DATA BLOCK =>
__________________________________________________

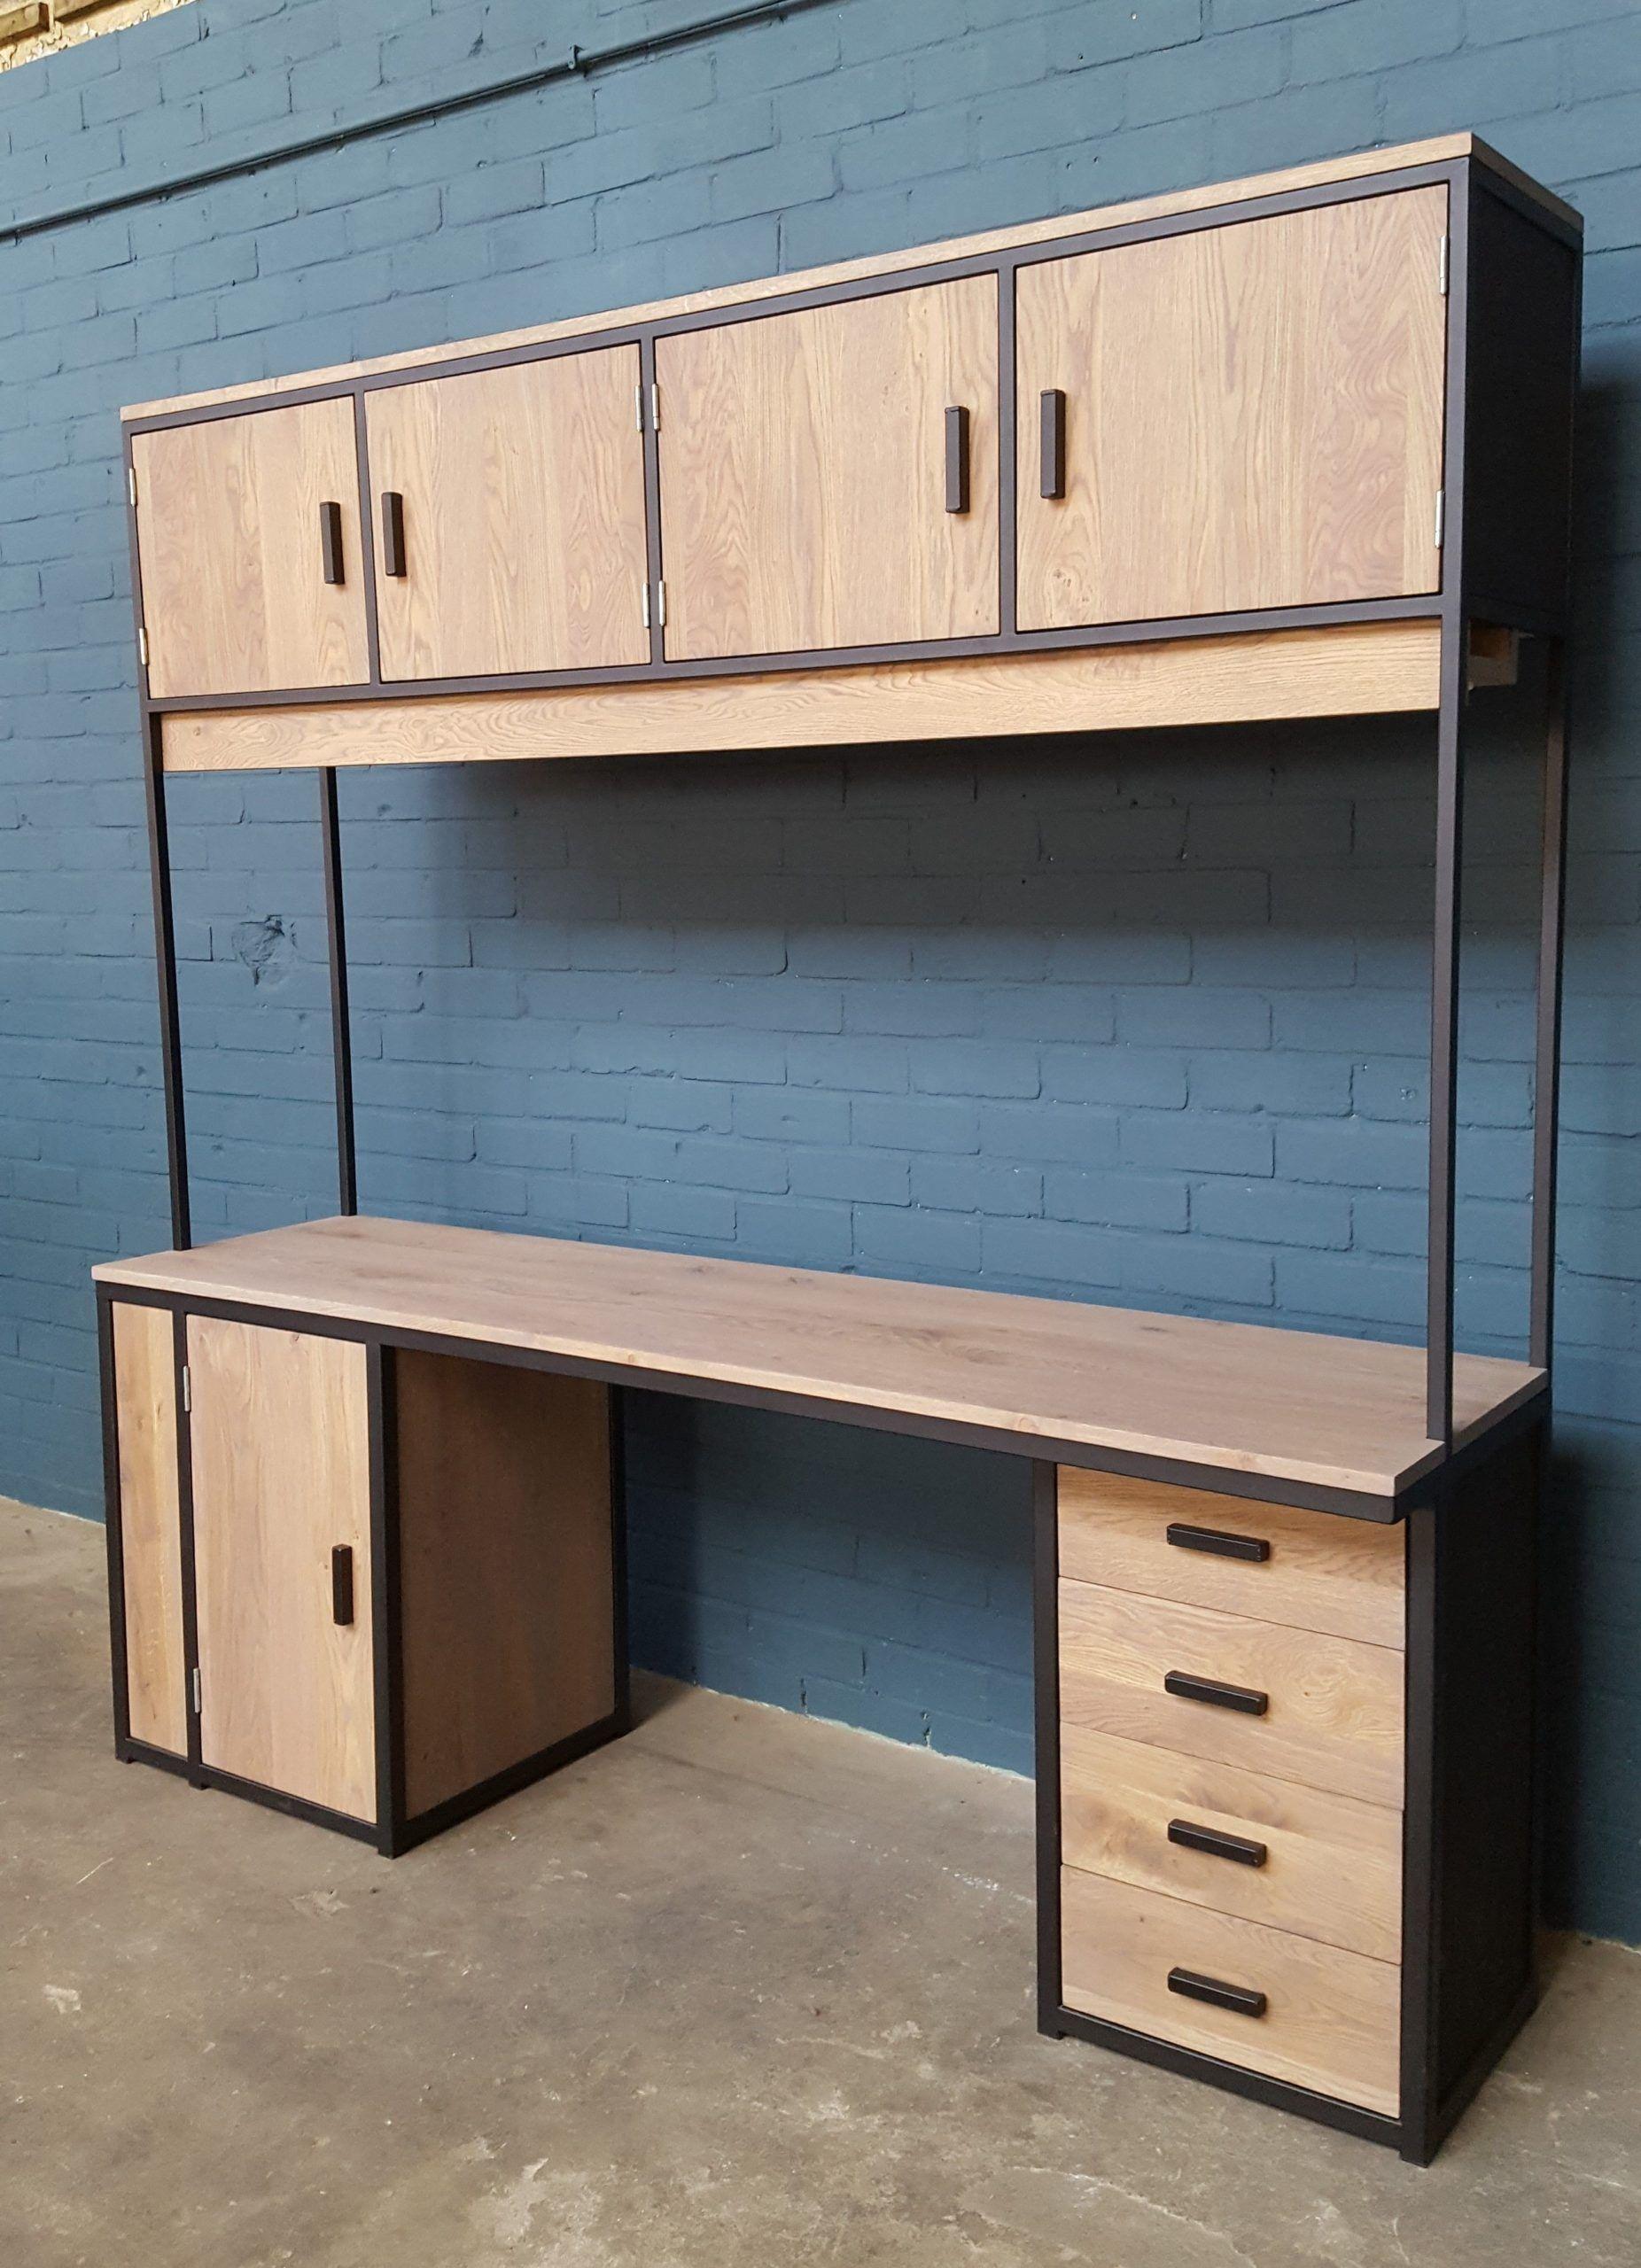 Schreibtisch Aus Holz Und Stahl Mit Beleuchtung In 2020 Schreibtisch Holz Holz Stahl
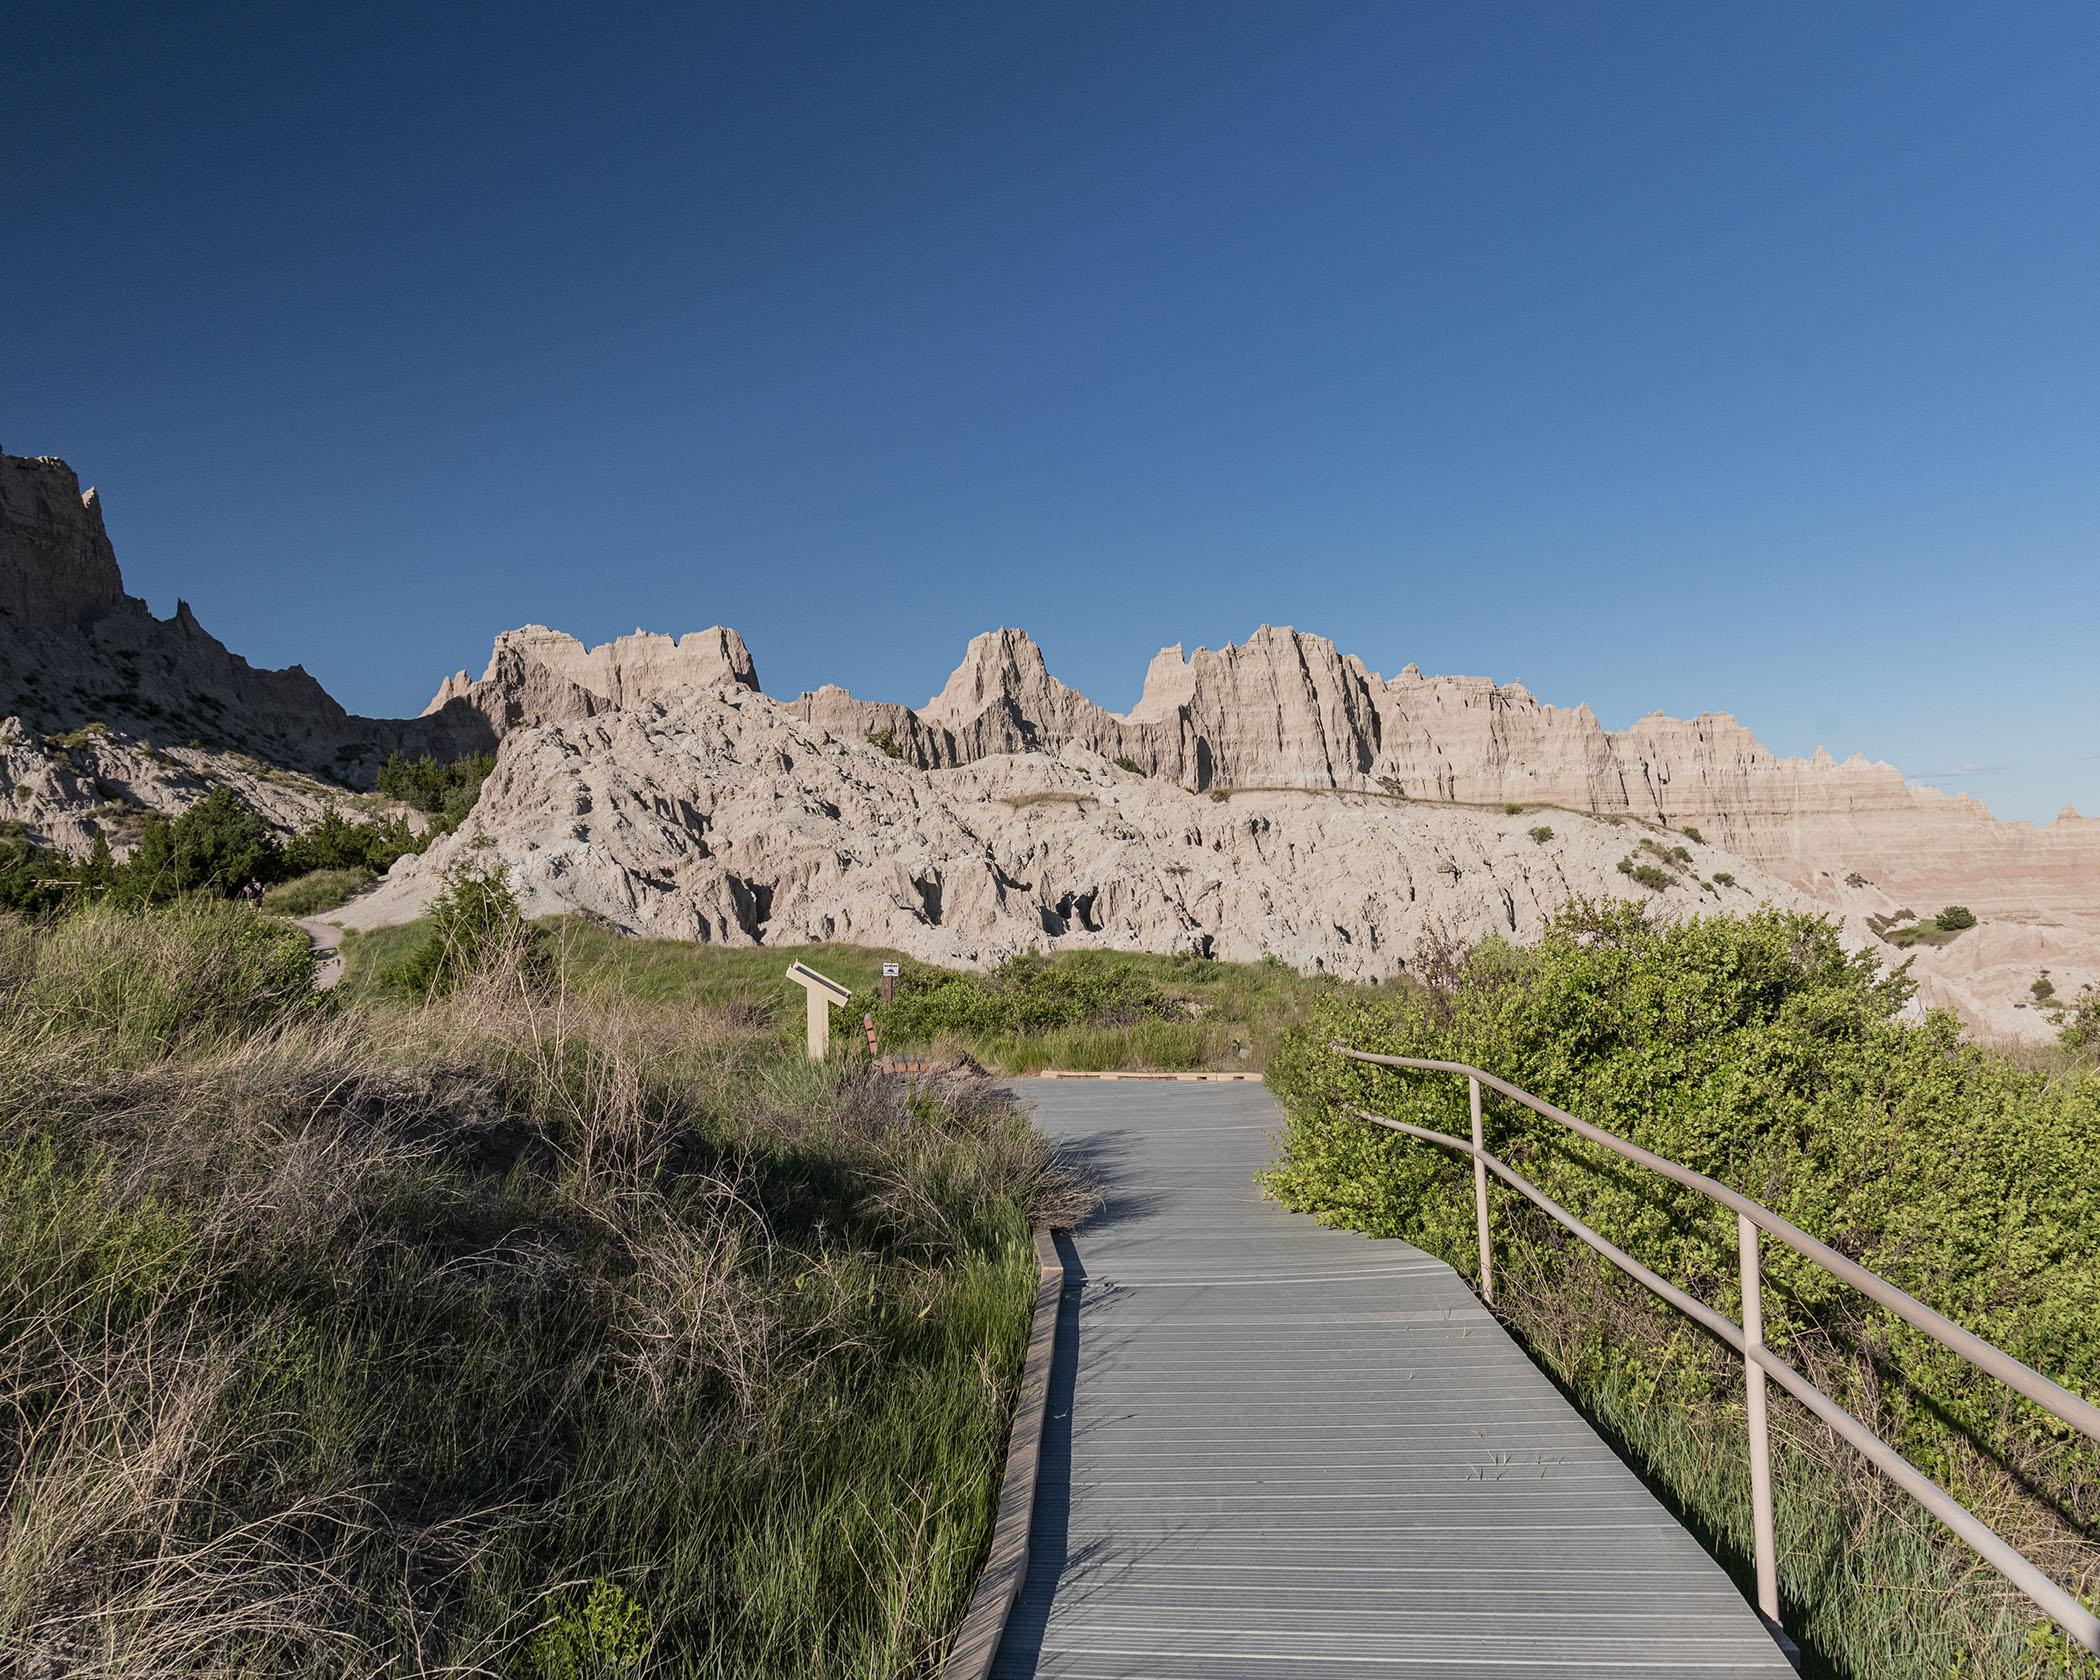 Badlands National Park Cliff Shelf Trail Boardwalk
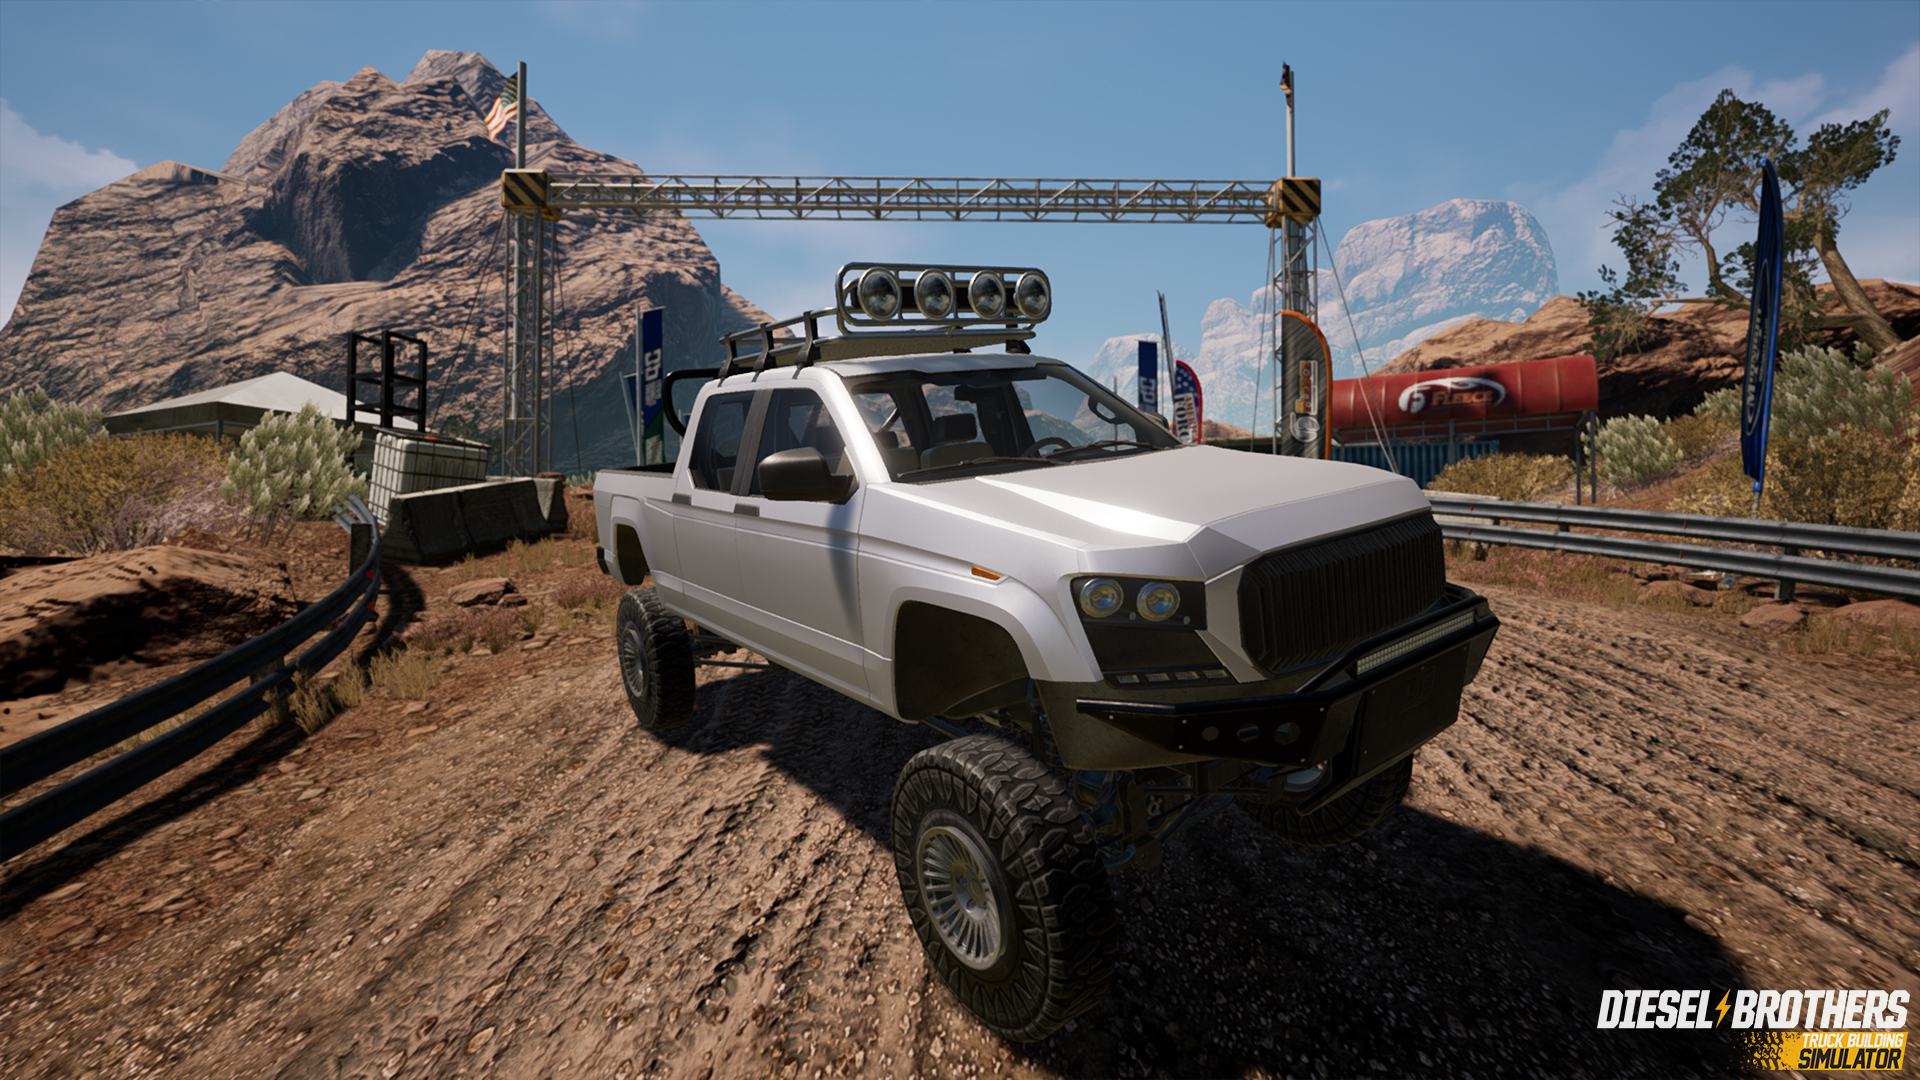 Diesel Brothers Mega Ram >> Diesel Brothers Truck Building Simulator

__________________________________________________

WHAT NEEDS TO BE DONE => Verbatim output, no pictures: the line holding "Badlands National Park" and all lines after it through the last line of the material, with nothing else.

SOLUTION FOR THIS PROBLEM =>
 Badlands National Park Cliff Shelf Trail Boardwalk
 Diesel Brothers Mega Ram >> Diesel Brothers Truck Building Simulator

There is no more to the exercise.